The model yields three structural predictions that hold without changing tastes or information. First, within-person multi-modal attention: because categorization is stochastic, the same person can cluster on entirely different features (e.g., the base rate vs. the likelihood in an inference problem) across otherwise identical choice occasions. Second, systematic context-driven instability: when an irrelevant context feature kappa_{P,i} drifts away from a category’s diagnostic kappa_{c,i}, the probability of that category falls discontinuously, causing a discrete switch in the attention profile and hence in valuation. Third, experience-driven heterogeneity: people more frequently exposed to a category (higher F_c) are more likely to use it, producing persistent differences in price elasticities or probability weighting at constant income and tastes.
Applied to riskless consumer choice, the paper introduces two categories — “buying” (full attention to price, partial to quality: alpha_{M_g}=1 > alpha_{Q_g}=alpha) and “consuming” (full attention to quality, partial to price: alpha_{Q_g}=1 > alpha_{M_g}=alpha). A jam problem categorized as buying yields valuation v = alphaq - etap; categorized as consuming, v = q - alphaetap. The valuation jumps discontinuously as context crosses a threshold kappa*, which shifts when relative category frequency F_{buy}/F_{con} changes. This framework accounts for context-dependent price elasticities (Wakefield and Inman 2003), poverty-driven excess price focus (Shah et al. 2018), de-commoditization through advertising, and mental accounting anomalies including opportunity cost neglect and the sunk cost fallacy — both arising because con neglects capital gains (alpha_{con,Delta_M}=0) and buy neglects quality shocks (alpha_{buy,Delta_Q}=0).
Applied to statistical judgment, the paper introduces two categories — “frequency estimation” (attention alpha_1=1 to a single i.i.d. draw from a known DGP) and “agnostic inference” (attention alpha_S=1 to the share of heads as a sufficient statistic). The threshold N* separates recognition: for sequence length N_P < N*(F_{freq}/F_{inf}), the decision maker categorizes as frequency and correctly assesses odds; for N_P >= N*, she switches to inference and overweights balanced sequences, producing the Gambler’s Fallacy. The same competition between categories also accounts for base rate neglect, conjunction fallacy, and correlation neglect, with the bias strengthening as sequences grow longer.

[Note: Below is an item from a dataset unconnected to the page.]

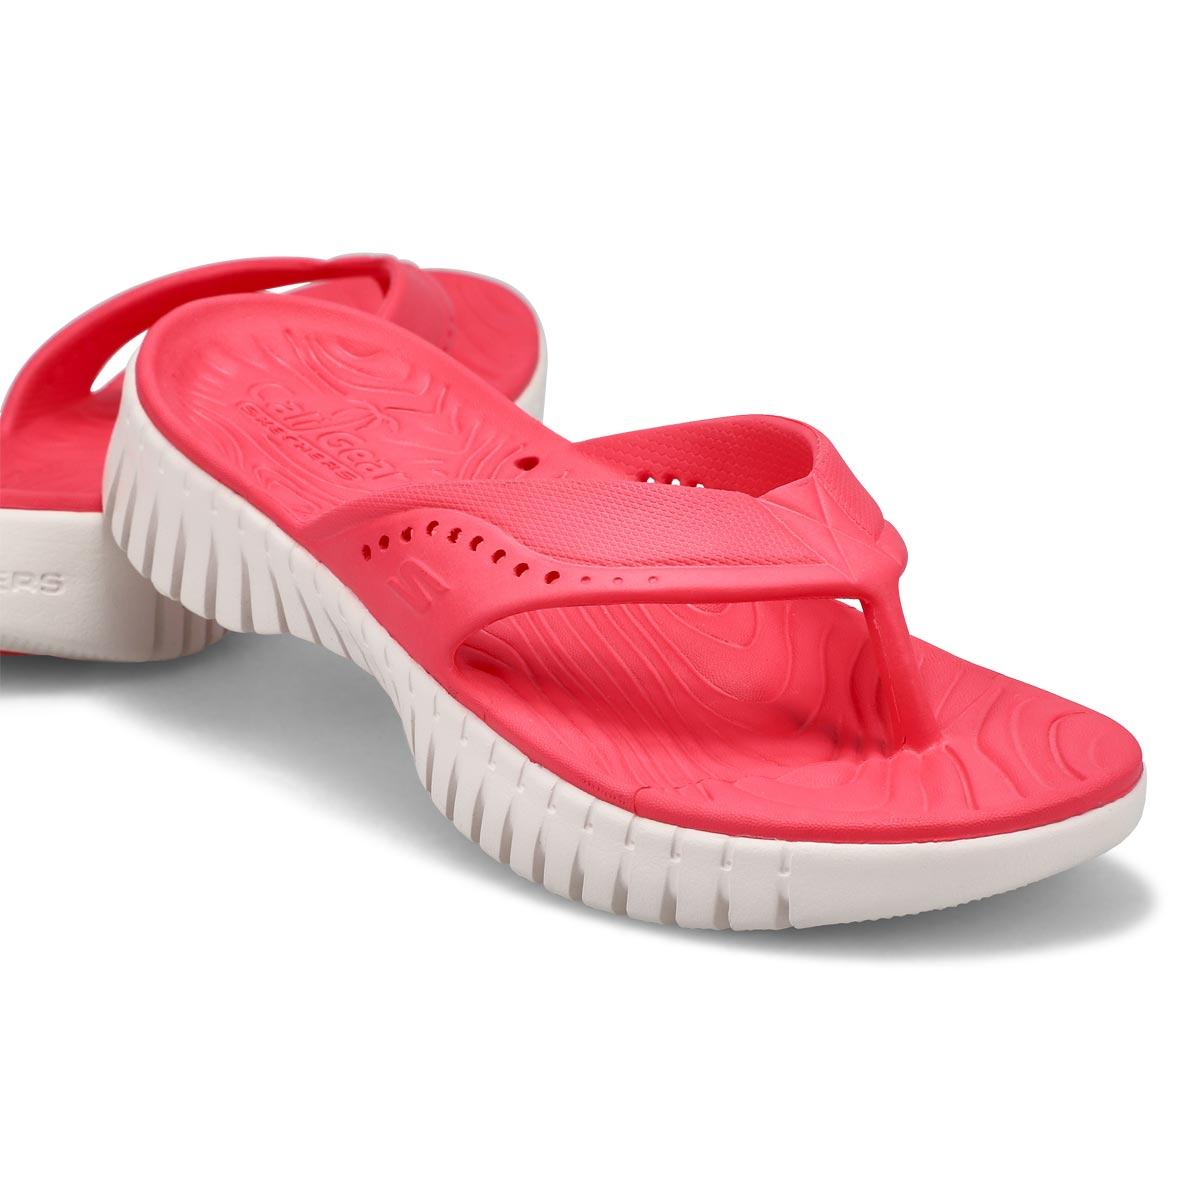 Women's Go Walk Smasrt Sandal - Coral

Applied to risky choice, bottom-up salience — sensory prominence and contrast — interacts with categorization. A publicity shock drawing attention to a low-probability contamination risk raises similarity to “consuming,” triggering a category switch that amplifies attention to quality broadly and reduces attention to price, producing large valuation drops disproportionate to the actual probability shift. This mechanism generates the framing effects of prospect theory without a stable S-shaped utility function: gains and losses frames correspond to different contexts activating different categories.
Scope conditions: the theory applies when features and their values are fully known to the decision maker (no uncertainty about attributes), so the distortions take the form of altered sensitivity to known features rather than missing information. The set of categories C is taken as given in the formal analysis, though the authors discuss endogenization as future work.
Q: What is the paper’s central departure from standard rational inattention and noisy-perception models?
A: Standard models (Sims 2003, Woodford 2012, Enke and Graeber 2023) produce unimodal, stably weighted valuations — the decision maker’s weighting of features is a smooth function of payoff-relevant costs or priors. In this paper, the weighting is determined by problem recognition, which is discrete and stochastic, producing within-person multi-modal attention: the same person can cluster on entirely different features across identical problems. The authors cite direct evidence from Bordalo, Conlon, Gennaioli, Kwon, and Shleifer [20] showing bimodal clustering on base rates vs. likelihoods in statistical problems, a pattern inconsistent with stable-weighting models.
Q: How is perceived value distorted when the attention weight on a hedonic feature is below 1?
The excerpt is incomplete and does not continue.